A year ago, when multimedia A/V duo Filastine inflamed a Sodo warehouse with their chaotic mélange of hypnotic singing, exotic instrumentation, and hyperspeed visual montages, “sHell No!” banners were fluttering from the rafters.
Now, since the advent of the Trump administration, so much has changed.
For one, the Seattle music scene has been paying closer attention to foreign artists’ travel woes - like Italian band Soviet Soviet, who were denied entry at SeaTac in March.
But those travails are par for the course for Filastine, whose border-crossing exploits have often pitted him and his collaborators against the stone-faced immigration officers at the world’s airports.
Filastine, once a solo project of Seattle radical activist and expat Grey (who prefers not to give his last name) has now grown to include Indonesian vocalist Nova, who grew up singing Pentecostal spirituals, Koranic recitations, and Javanese gamelan music. The duo make potent electronic music with a distinctly political edge, drawing as much from performance art as from festival-friendly beats to portray a message of imminent environmental collapse and fraying social decay.
They live in Barcelona, but to make their most recent album, Filastine found themselves forced to work in unexpected locales as they dealt with Nova's visa challenges as an Indonesian passport holder.
Just last week, Nova did not receive a UK visa in time for a Scottish gig, forcing Grey to morph their fine-tuned live show, an audio-visual maelstrom with precise choreography, into a more humdrum DJ set.
“After holding her passport for a month, the UK approved a visa—for the two days after the dates of the gig,” Grey griped over the phone from Oakland, where he was resting after playing Lightning in a Bottle this past weekend. Nova has since safely landed in the U.S., despite the usual barrage of questions at the border, and the pair will play as planned at an undisclosed Seattle location on Saturday as part of their ongoing album tour.
Grey always sweats border crossings due to his radical activist past in the U.S.—he started the Infernal Noise Brigade marching band that accompanied the 1999 WTO protests in Seattle, among other exploits, and regularly soundtracks climate protests in Europe.
The dilemma of borders is one that Filastine tackles head-on in Drapetomania, the first album recorded by the duo, released in April by French label Jarring Effects. Elements of psychedelic electronica will appeal to the Bass Nectar set, while strains of oud, daruka, and gamelan won’t sound out of place on KEXP’s Wo’ Pop.
Filastine recorded the album in far-flung locales both by choice—aboard a ship on the Indian Ocean, deep in an acoustically-rich Indonesian cave—and by necessity: Morocco, Turkey, and Hong Kong offered safe harbor from European Union immigration rules that have become increasingly stringent post-refugee crisis.
They also found inspiration for their recordings in Seattle, past and present. International District artist hub Inscape proved perfect for lead single “Perbatasan” ("borders" in Indonesian). The decommissioned INS building’s bricks provided the ideal reverb, while a former detention cell offered an eerily resonant setting. “It was a really conscious decision to record that song in that space,” Grey said.

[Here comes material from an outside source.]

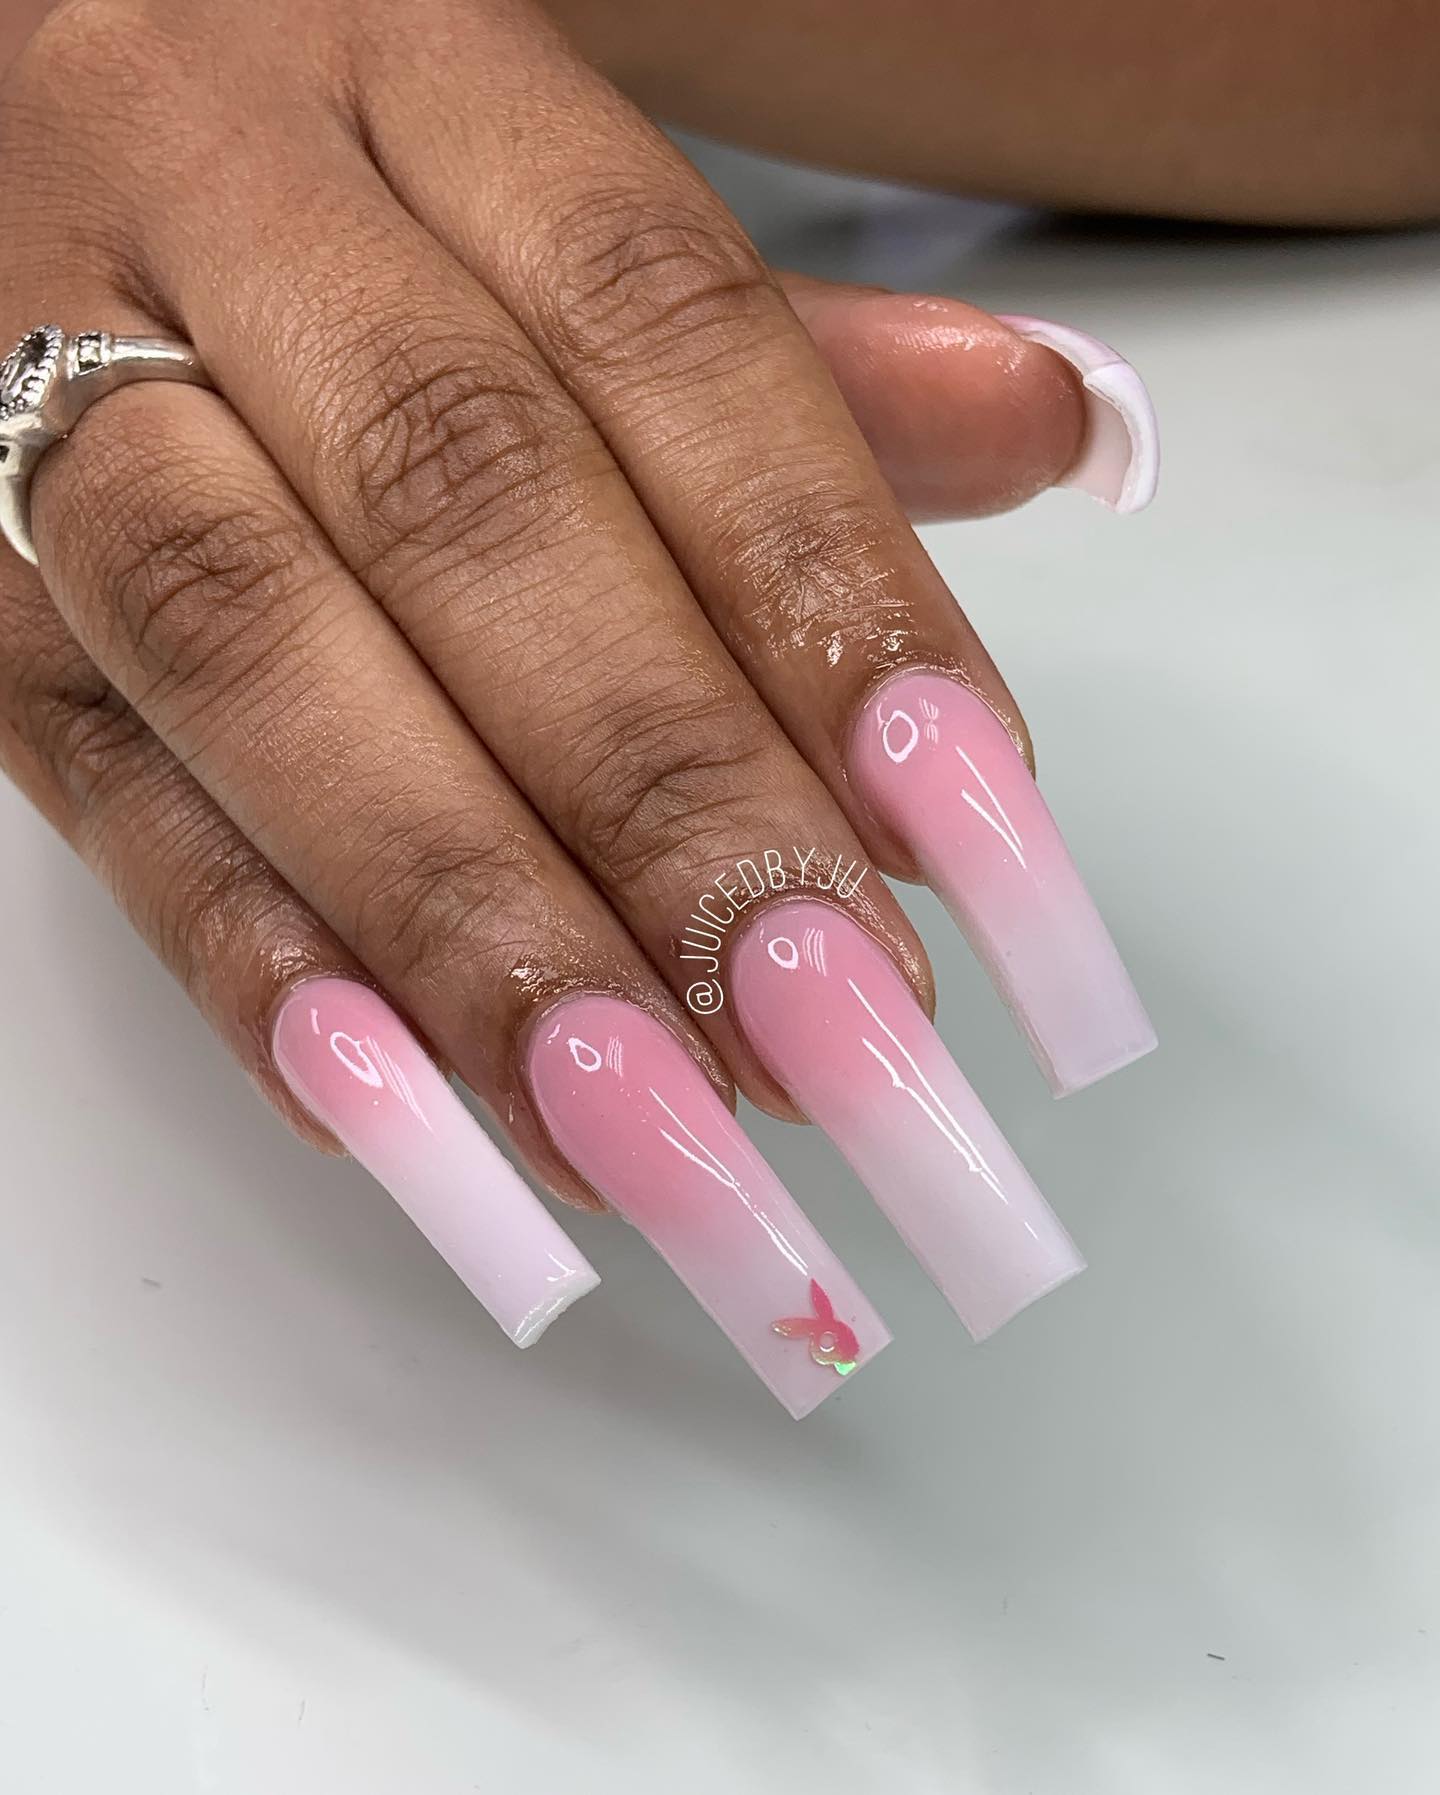 A thick and long acrylic nail shows off your personality a lot but there is always something you can add to your nail design. Go for a baby pink and white ombre nails and stick a playboy bunny nail sticker to your ring finger.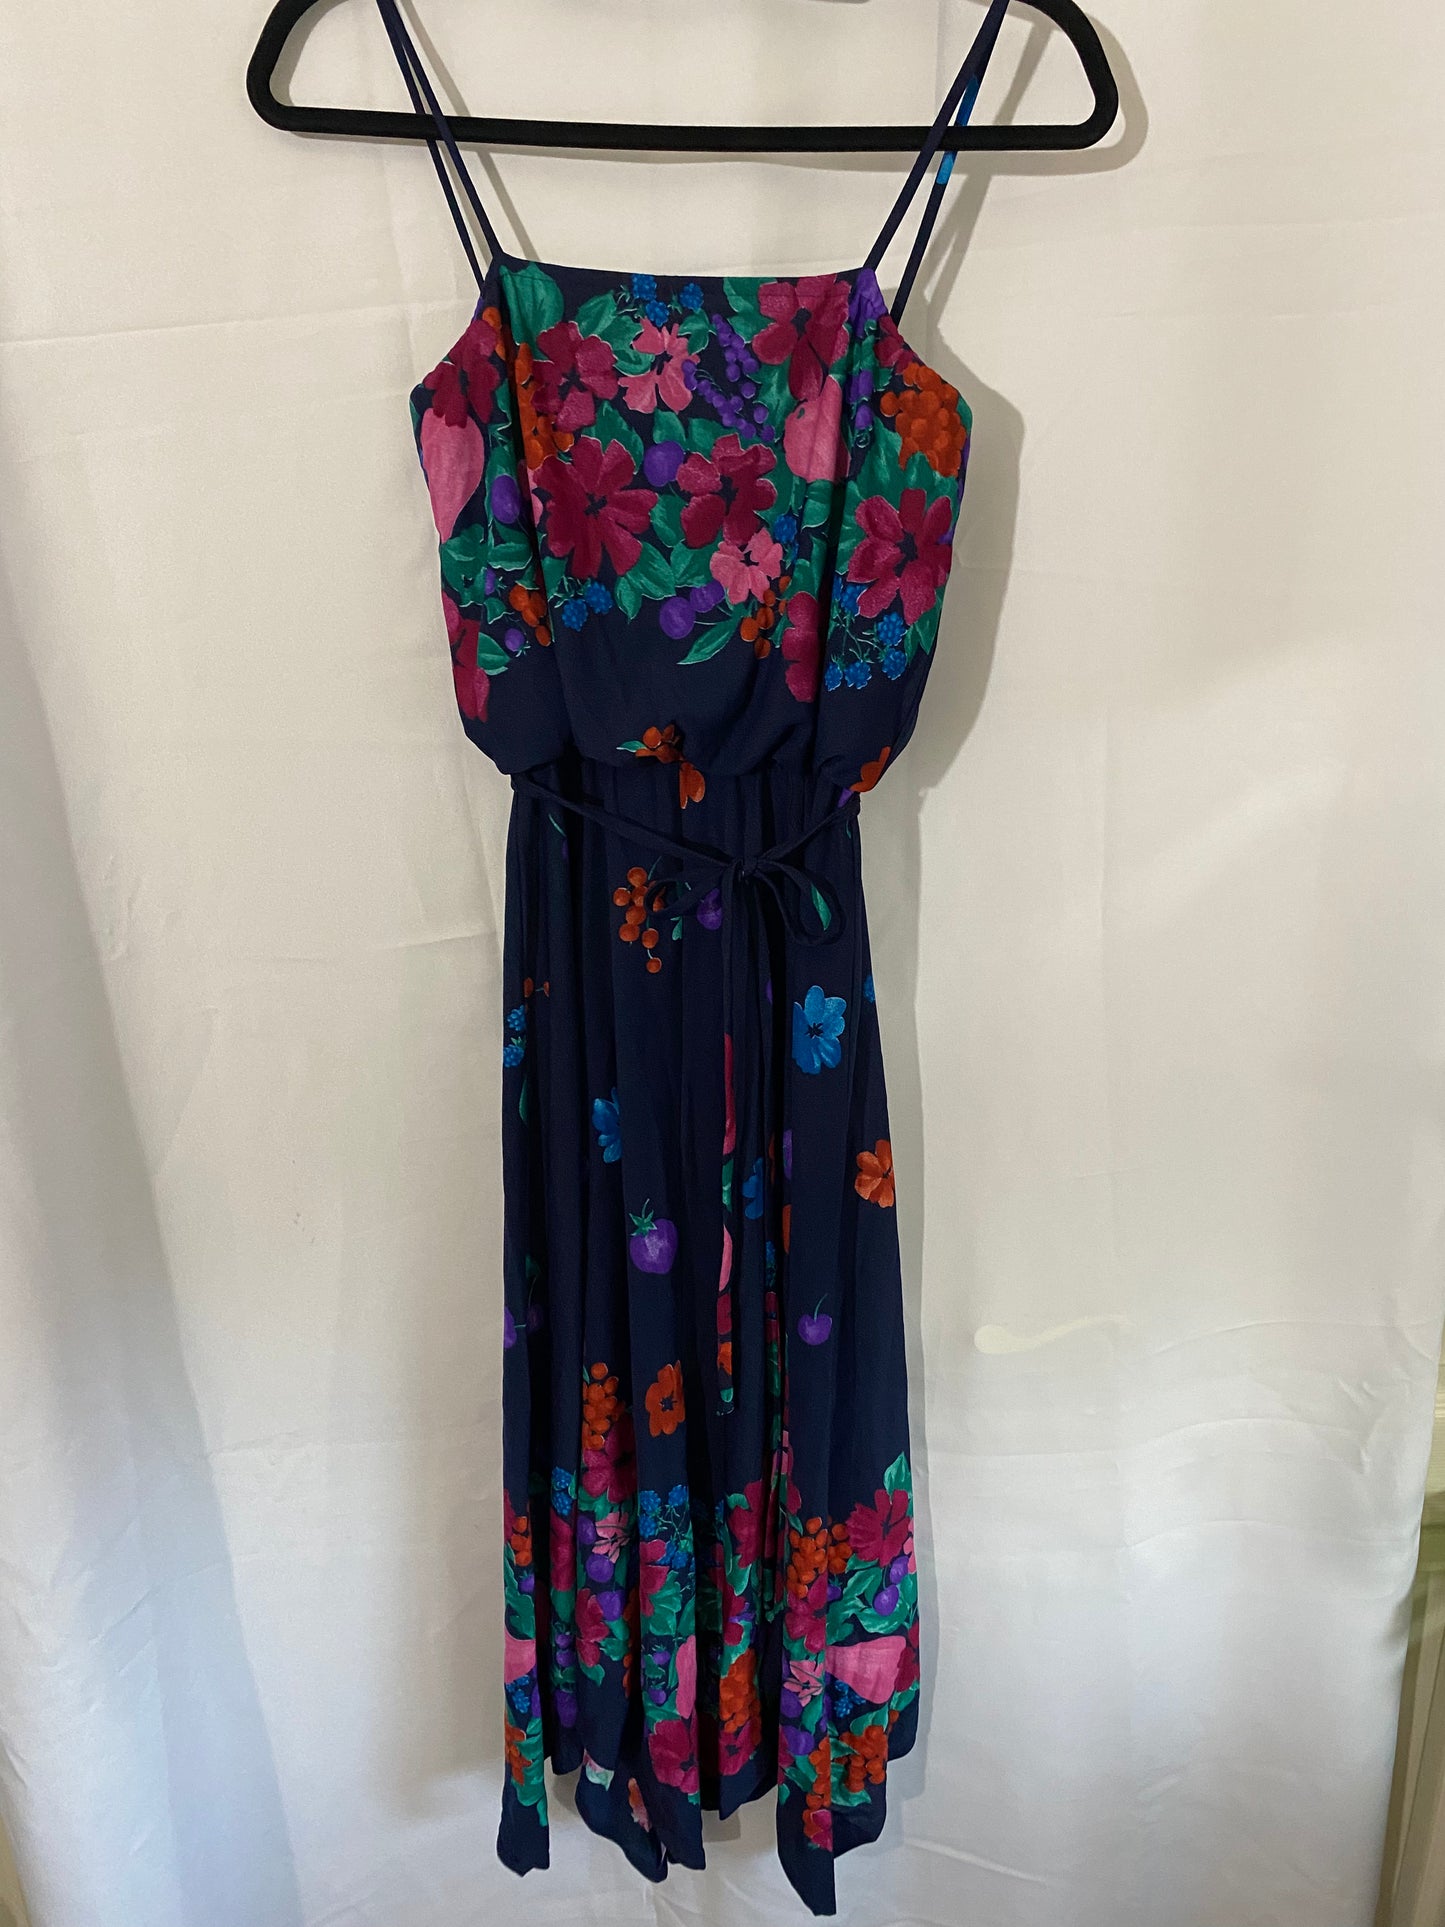 1960's Navy Dress with Purple, Pink, Red/Green Floral Pattern

A soon-to-be-demolished structure near 1st and Denny offered an ample wrecking ground last summer for the filming of “The Salarymen”. The audio-visual single documents the sinister advent of the computer era, circa 1996, with Stranger Genius-award winning performance artist DK Pan, alongside experimental dancers Douglas Ridings and Alan Sutherland. “The Salarymen” is one of a four-part video series, Abandon, that showcases dance as cathartic liberation from demeaning work. (Other Abandon shorts tackle toxic mining in Borneo, after-hours building cleaners, and Barcelona’s street recyclers). The videos were released online over the last year, but the music is available for the first time on Drapetomania.
Grey and Nova have harnessed their experience editing and choreographing much of Abandon and channeled it into their new live performance, which will have its Seattle debut on Saturday.
The show’s underground location came courtesy of local DIY promoter Typonexus, which returns this weekend to curate the Globalist Series, a bevy of avant-garde music, interactive artwork, and live performance with Filastine at its center.
Among other treats, Typonexus promises a sound system designed by noise cancellation scientists from the Tautology Arts Collective, the first of its kind on the West Coast.
The precision sound rig and industrial setting will be an apropos setting to both hear and see Filastine’s latest incarnation, as much a warm-up to the summer festival season as it is a call to arms before capitalism collapses upon itself.